Oleh : Kenara Seni*
Antusias peserta, kesederhanaan acara dan kebijaksanaan dewan juri terpancar saat kegiatan Festival Tunas Bahasa Ibu tingkat SD dan SMP di Kabupaten Bener Meriah. Ada 6 kategori perlombaan yang berbasis bahasa Gayo.
Dengan semangat membara peserta melewati rangkaian acara tersebut dan melalui seleksi yang ketat munculah tunas juara dan pemenang dan akan dibina untuk mengikuti event nasional.
Hakekat sebuah simbol budaya Gayo salah satunya adalah bahasa. Bahasa Gayo disebut bahasa ibu karena di gunakan untuk komunikasi sehari-hari.
Mayoritas bahasa Gayo digunakan sebagai komunikasi masyarakat yang tersebar di Aceh atau di sebut Gayo serumpun.
Banyak kalangan memprediksi bahwa bahasa Gayo itu akan punah dengan sendirinya. Begitu, diprediksi berbagai ahli bahasa. Karena hampir setiap hari, ada kosa kata yang mulai tak dipakai.
Ibrahim Sembiring dari Kelompok Kepakaran dan Layanan Profesional (KKLP) mengatakan, bahasa Gayo belum punah tetapi mengalami kemunduran, maka berdasarkan kajian vitalitas, bahasa Gayo disimpulkan berstatus rentan.

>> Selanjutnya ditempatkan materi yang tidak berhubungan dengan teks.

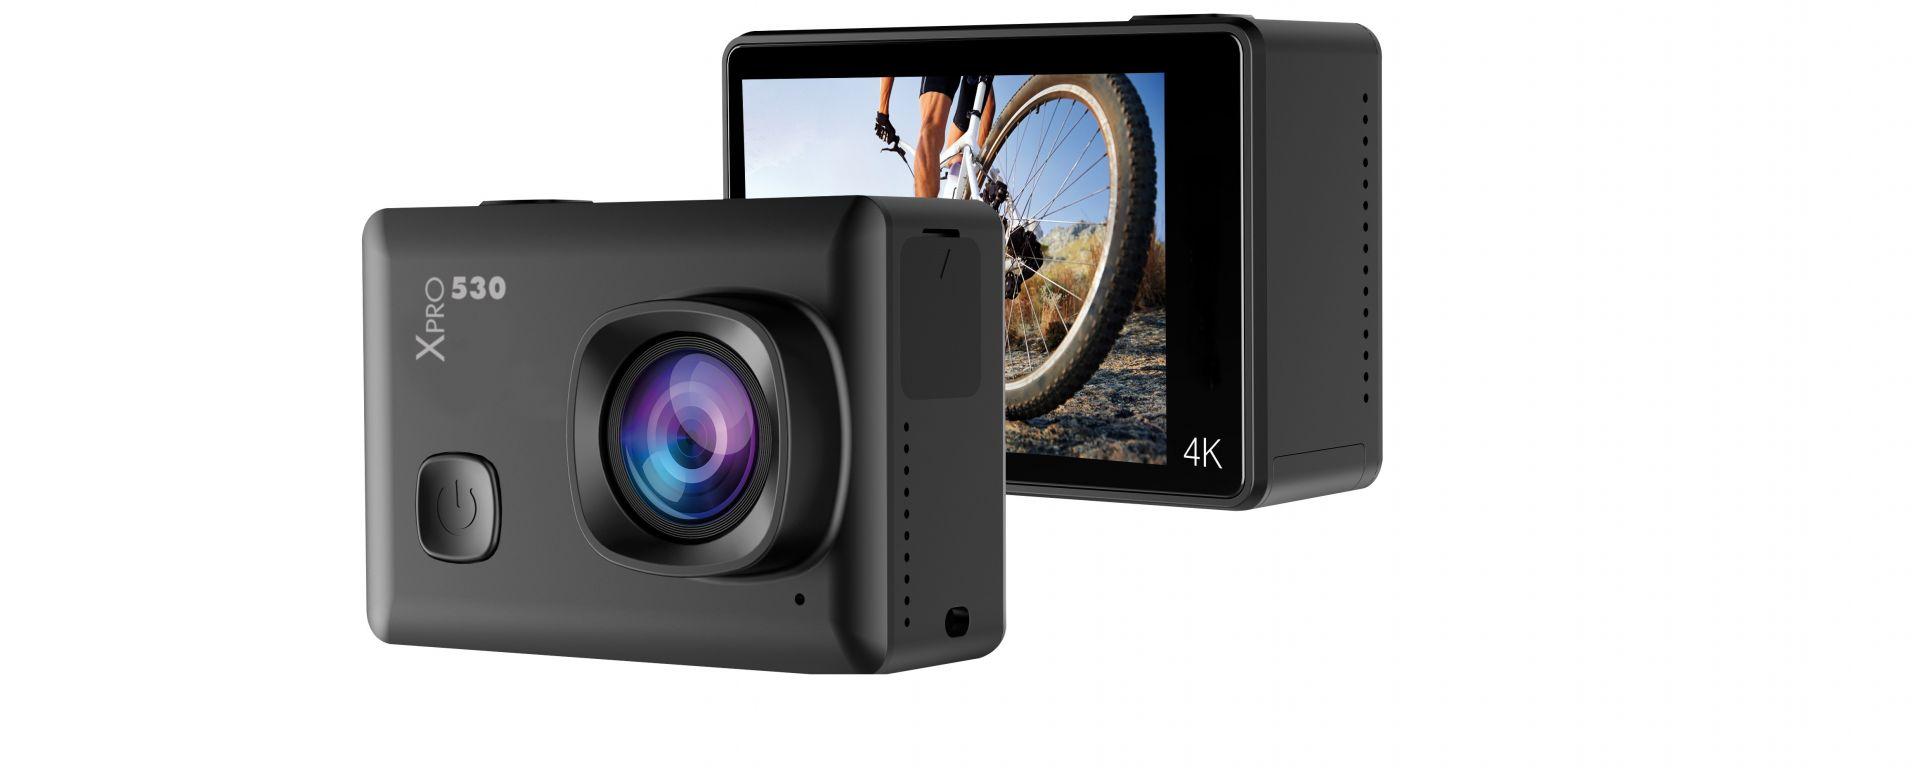 Mediacom SportCam Xpro 530 Wi-Fi: action cam 4K per tutti
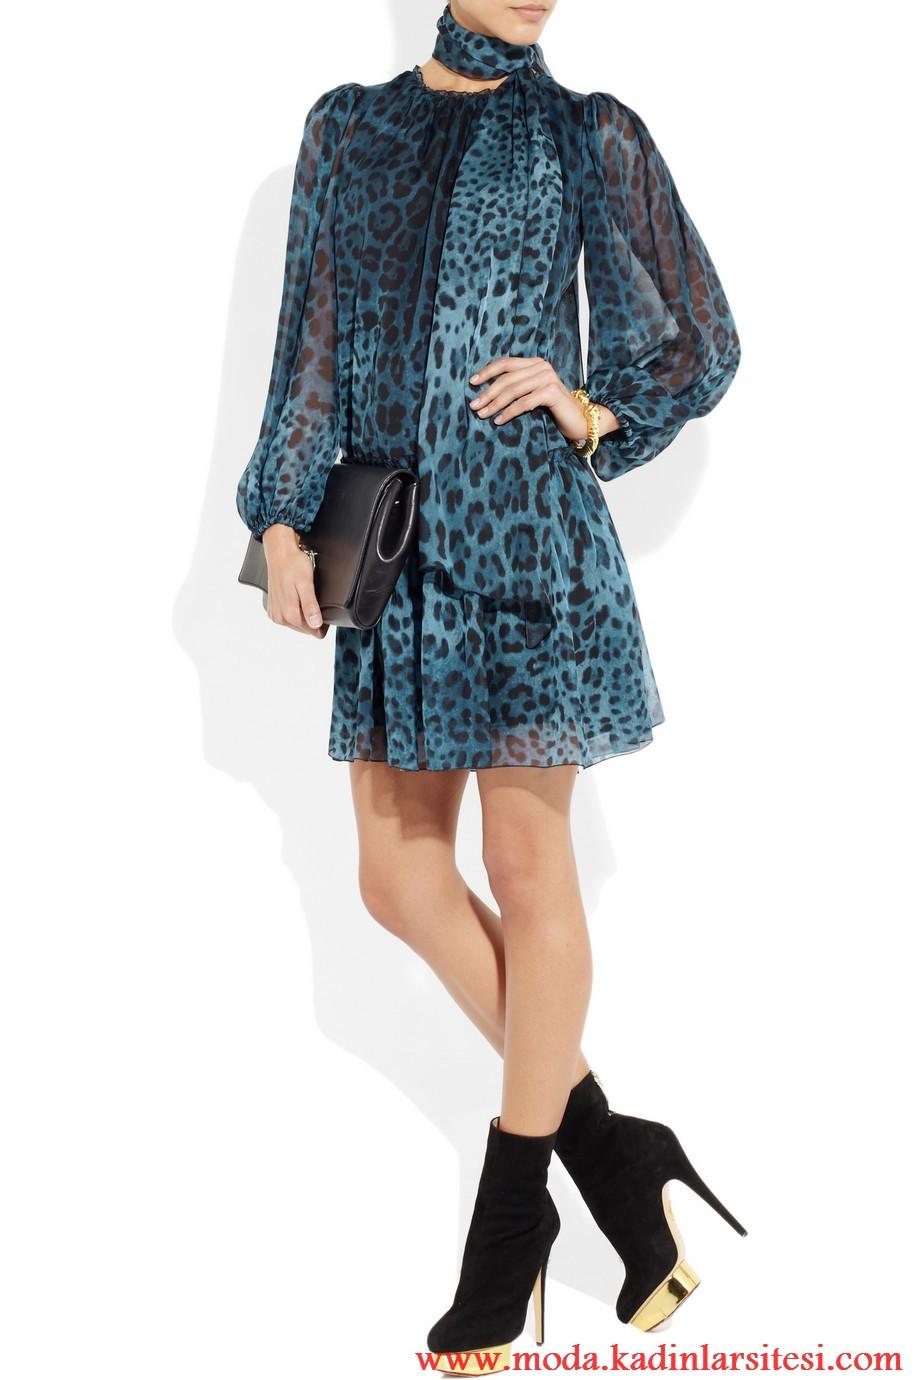 dolce & gabbana mavi leopar desenli elbise modeli

Maka diperlukan upaya penyelamatan sebagaimana yang dilakukan oleh Kepala BBPA Umar Solikhan, dengan menggelar koordinasi, pelatihan dan program kegiatan dengan menghubungkan antar lembaga pemangku kepentingan untuk mensukseskan program penyelamatan bahasa Gayo dari kepunahan.
“Sahan kiteee?” kata pak PJ
“Urang Gayooo!” Jawab pengunjung.
“Hana bahasanteee?” seru pak PJ lagi.
“Basaa Gayoo!” Jawab pengunjung serentak.
“Hana bajuntee?” Seru pak PJ lagi.
“Kerawang Gayoo,” serentak suara pengunjung menggema seakan membelah bumi.
Bak gayung bersambut suasana tegang itu pecah saat pak Pj menyemangati dan sekaligus memberikan arahan dan bimbingan kepada peserta dan pengunjung lainnya.
“Pak Pj a becerak Gere pake basa Gayo ge?” terdengar celetuk salah satu peserta pidato bahasa Gayo, seakan penuh tanya.
“Oo ge, sok di pak Pj a ge!” jawab temannya, masih bisa terdengar cakapan mereka.
“Kite kinie basa Gayo pidato, pak PJ a Gere Mera basa Gayo pidato!” Celetuk peserta pidato itu dengan penasaran
“Yoh ke beda, kite pake bahasa ibu, ike ni pak PJ a bahasa bapak. Ah enge ya, kite basa Gayo deh!” Jelas temannya.
Ceremonial dan rangkaian kegiatan itu terus berlalu, dan matahari sudah condong ke arah peristirahatan, menyambut malam di temani bintang dan aku masih teringat kata anak itu, kata hatiku berkata “suatu saat kau akan terus berpidato dengan bahasa Gayo nak.”